Work request: An exact, picture-free copy of the listing is required.

Data block:
· · · · ·

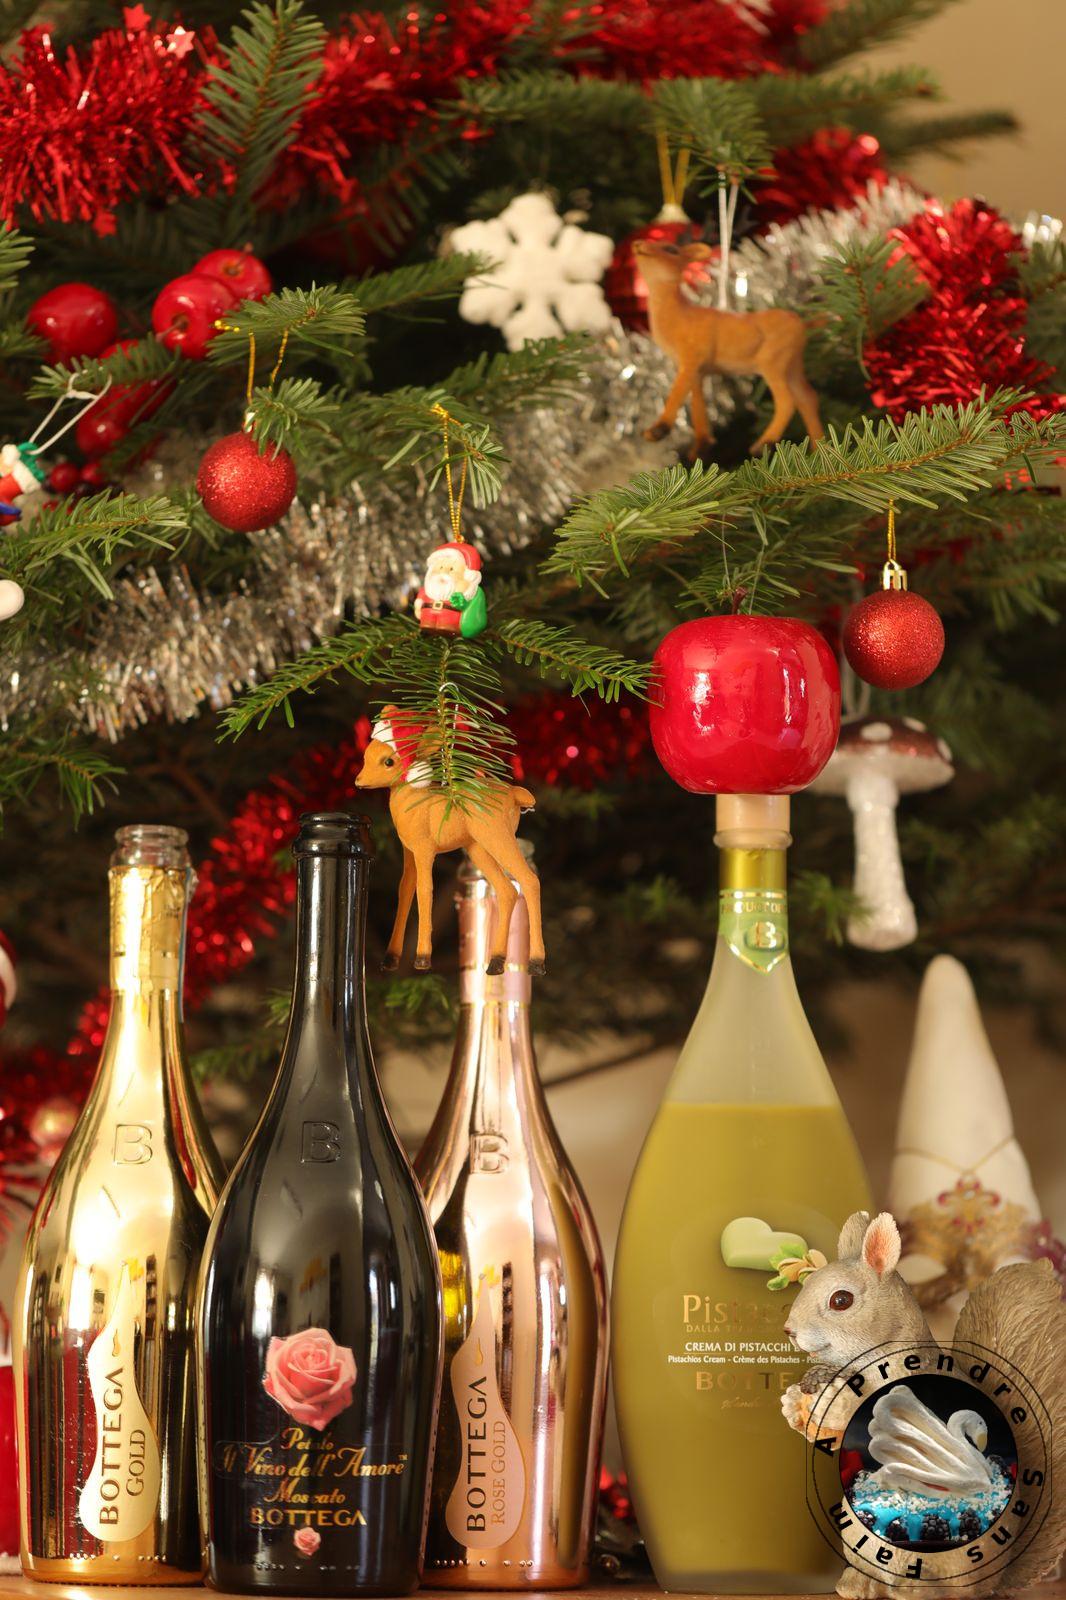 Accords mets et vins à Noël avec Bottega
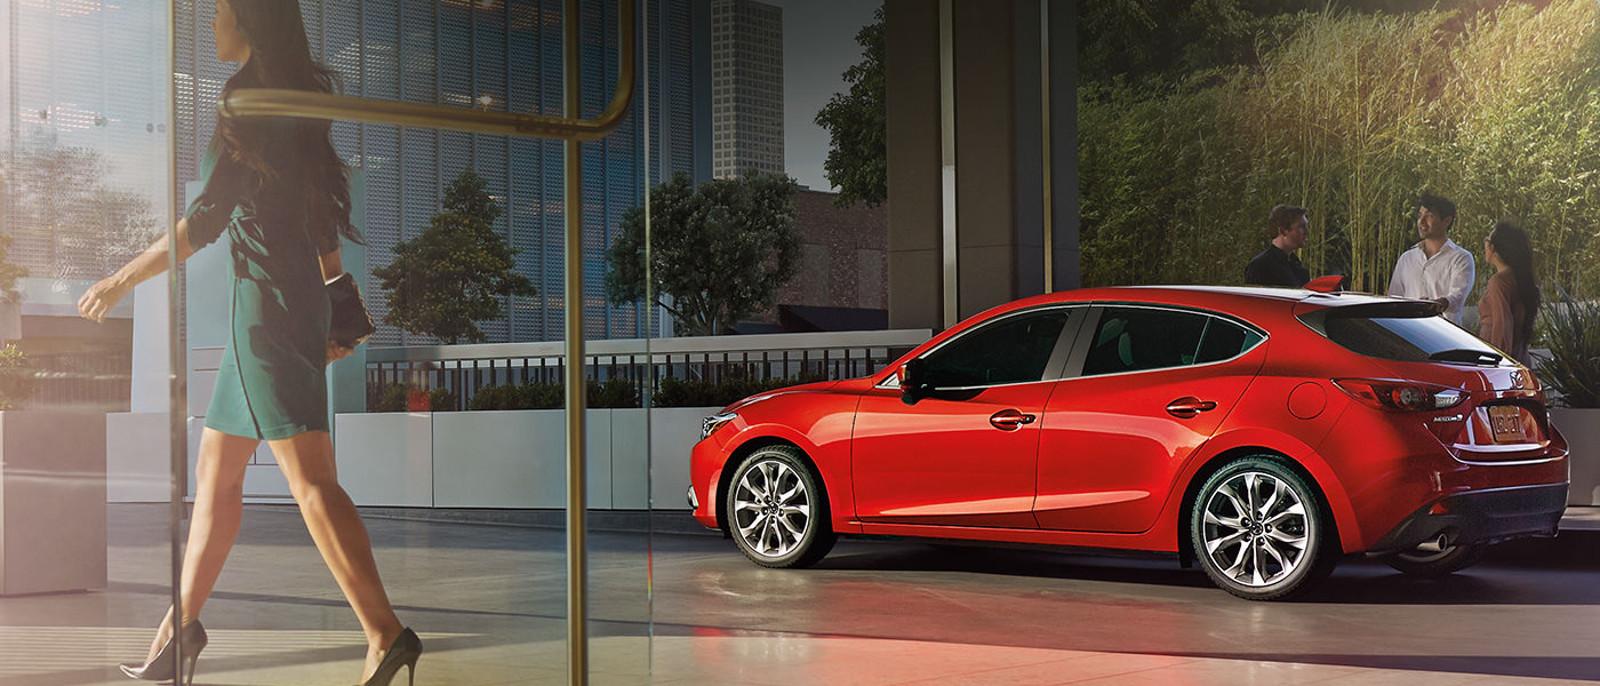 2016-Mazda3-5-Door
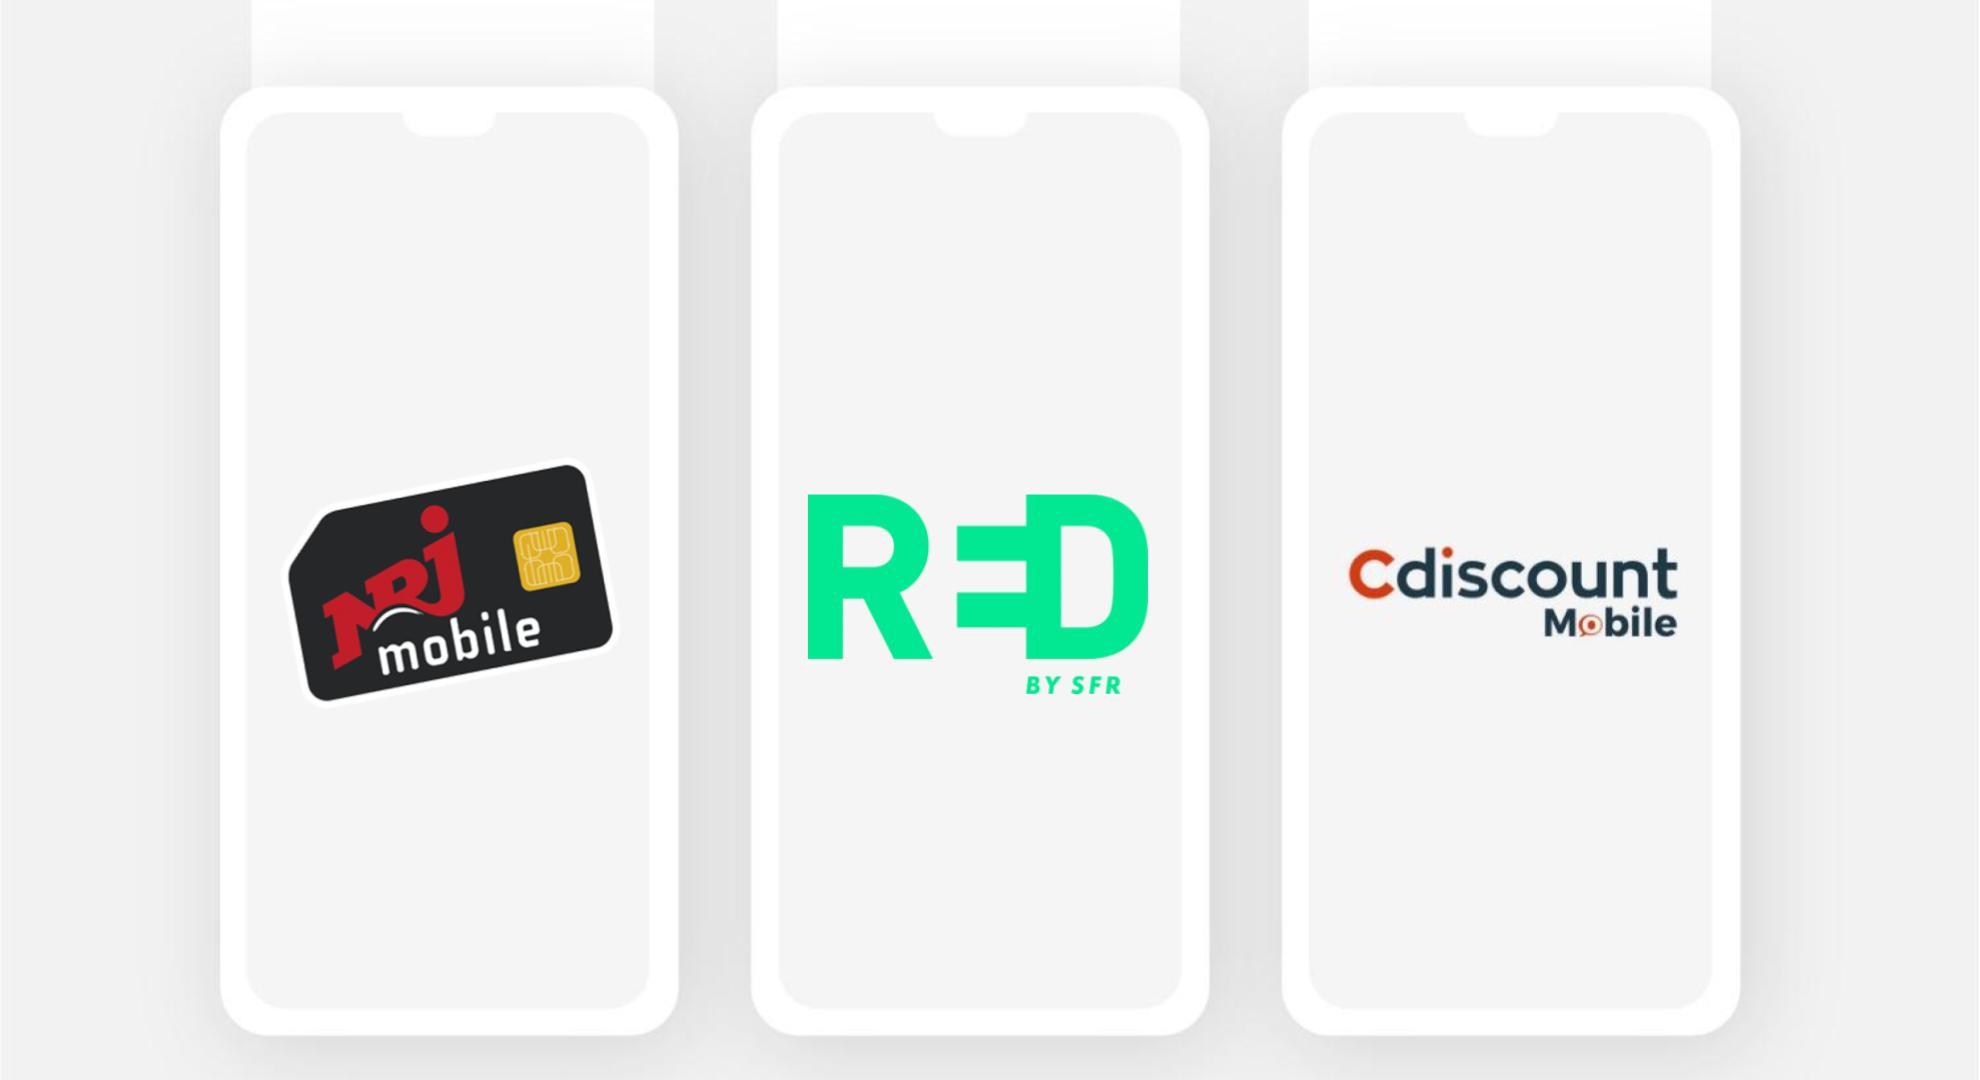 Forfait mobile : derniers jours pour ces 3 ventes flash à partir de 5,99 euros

· · · · ·

Your response:
 Accords mets et vins à Noël avec Bottega
 2016-Mazda3-5-Door
 Forfait mobile : derniers jours pour ces 3 ventes flash à partir de 5,99 euros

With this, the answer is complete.